Id., 222 N.E. at 625. In Carder a 16V2 year old murder defendant refused to see counsel retained by his family and his subsequent admissions were used against him. A district court later sustained the right under Escobedo to knowingly refuse to see counsel, but the key is knowledge. Carder v. Maxwell, 298 F.Supp. 1056 (S.D.Ohio 1969). The result has been similar with the problem of the accused who is known by the police to have counsel in an unrelated case. There it is said that a knowing and intelligent waiver depends not on what the police know, but on what the accused knows. United States v. Crook, 502 F.2d 1378, 1380 (3d Cir. 1974), cert. dend. 419 U.S. 1123, 95 5. Ct. 808, 42 L.Ed.2d 823 (1975). See also Michigan v. Mosley, 423 U.S. 96, 96 S.Ct. 321, 46 L.Ed.2d 313 n. 10 (1975).5
This reliance on what the accused knows and on his actions while in custody to bottom a waiver is not without its critics. Thus, with respect to interrogation by police who knew their suspect’s counsel had not been notified, the Third Circuit said that “ . . . the practice is not commendable.” United States v. Cobbs, 481 F.2d 196, 200 (3d Cir. 1973). In some other cases, courts have been satisfied that police interrogation of one known to be represented by counsel without notice to that counsel violated DR 7-104(a)(l) of the ABA Code of Professional Responsibility (1969). United States v. Thomas, 474 F.2d 110 (10th Cir. 1973), cert. dend. 412 U.S. 932, 93 S.Ct. 2758, 37 L.Ed.2d 160 (1973). Such holdings are consistent with the Supreme Court’s citation of Canon 9 in Escobedo, supra, and with Opinion 95, ABA Opinions of the Committee on Professional Ethics and Grievances (1967) which found that a city attorney’s staff relationship to city police generated ethical responsibilities for their conduct. Whether a given military case presents an ethical violation along with or instead of a deprivation of counsel is for separate determination. United States v. Tomchek, 2 M.J. 813 (A.C.M.R.1976).6
Ill
This appellant was denied the assistance of counsel guaranteed by the Sixth Amend*576ment. That right is available to him in trials by court-martial. However, the error affects only Charge I; appellant was delivered to his counsel after the incident criticized here and the subsequent interrogations were about unrelated matters. His waiver at the second interrogation was knowing and intelligent, and his admissions were not tainted by the earlier error,
. There is a corollary, ethical question which is mentioned infra.

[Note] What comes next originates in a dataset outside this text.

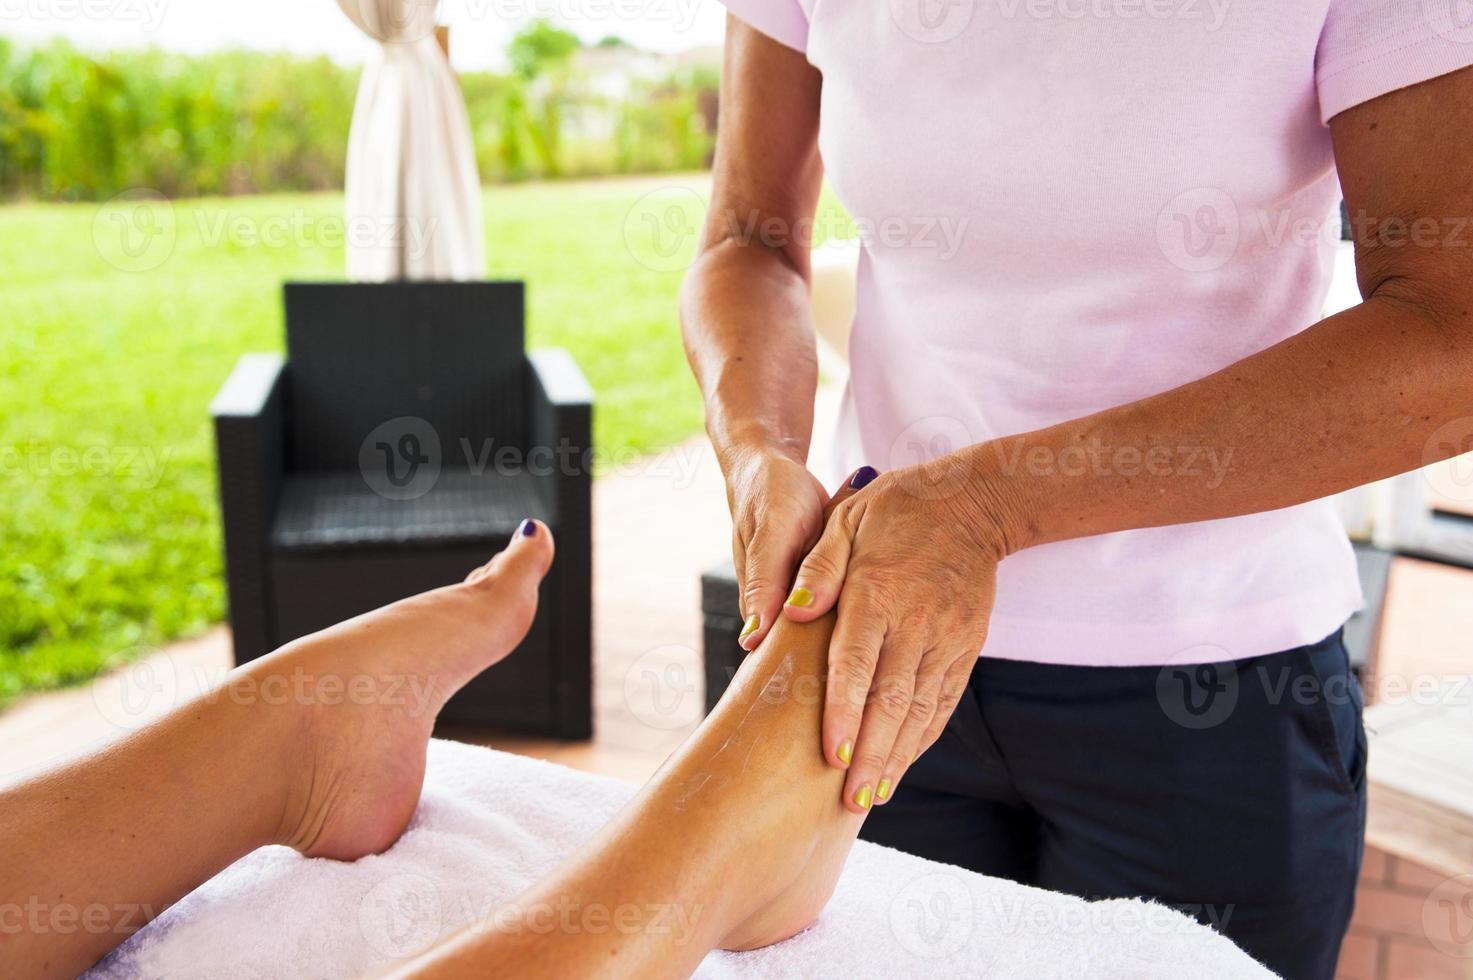 masajes de pies foto

. See Associated Indemnity Corp. v. Industrial Accident Comm’n., 56 Cal.App.2d 804, 133 P.2d 698 (1943); Agnew v. Walden, 84 Ala. 502, 4 So. 672, 673 (1888); 7 C.J.S., Attorney & Client §§ 62-65.
. The New York rule is particularly persuasive for military practice because we do not have the functional equivalent of an arraignment early in our process.

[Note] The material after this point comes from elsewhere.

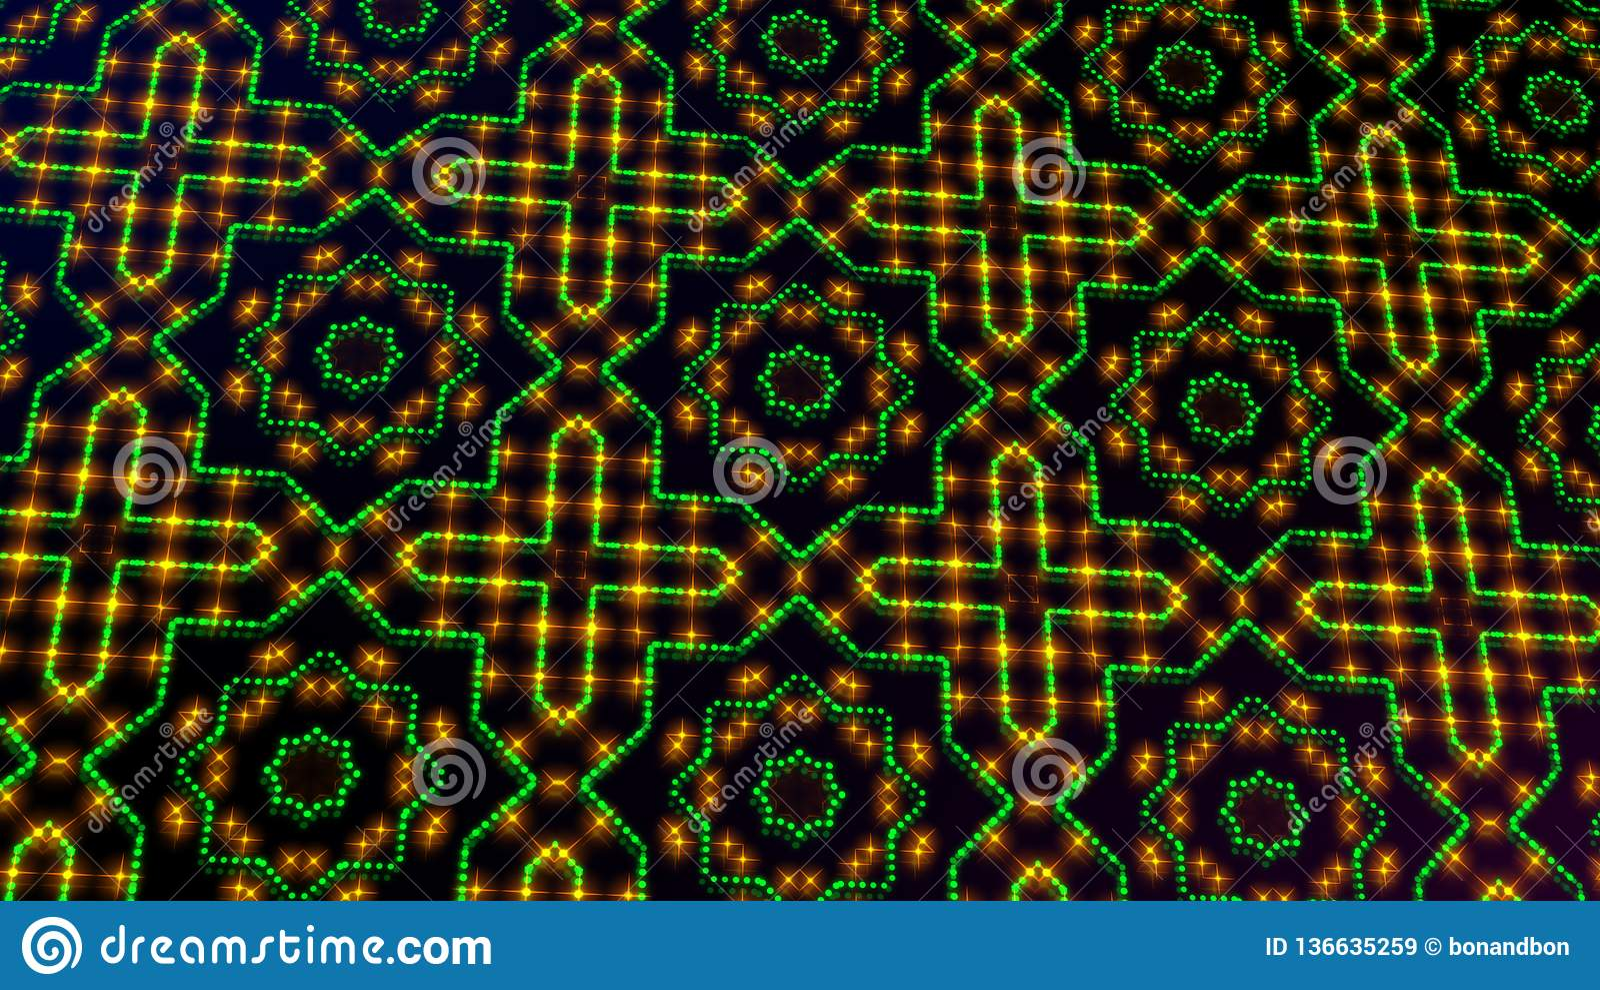 Geanimeerd licht die groene en gele punten en sterrenvormen shinning

. The Johns case is also important for its statement that the “right” Miranda answers are nugatory after a deprivation of counsel has occurred. “Repetitions of advisory warnings are not a satisfactory substitute for granting an unequivocal request for counsel.” Id., 177 N.W.2d at 585.
. The right to counsel, whether on demand of accused or counsel, is not absolute. Thus, if the only proceedings is the taking of hair samples or fingerprinting, courts will perceive no threat to an unrepresented person’s basic rights to a fair trial and the effective assistance of counsel. State v. Meyers, 24 Or.App. 561, 546 P.2d 771 (1976), citing United States v. Wade, 388 U.S. 218, 87 S.Ct. 1926, 18 L.Ed.2d 1149 (1967).
. Consider paragraph 44h, MCM 1969 (Rev) which requires trial counsel to deal with the accused only through “any counsel the accused may have.”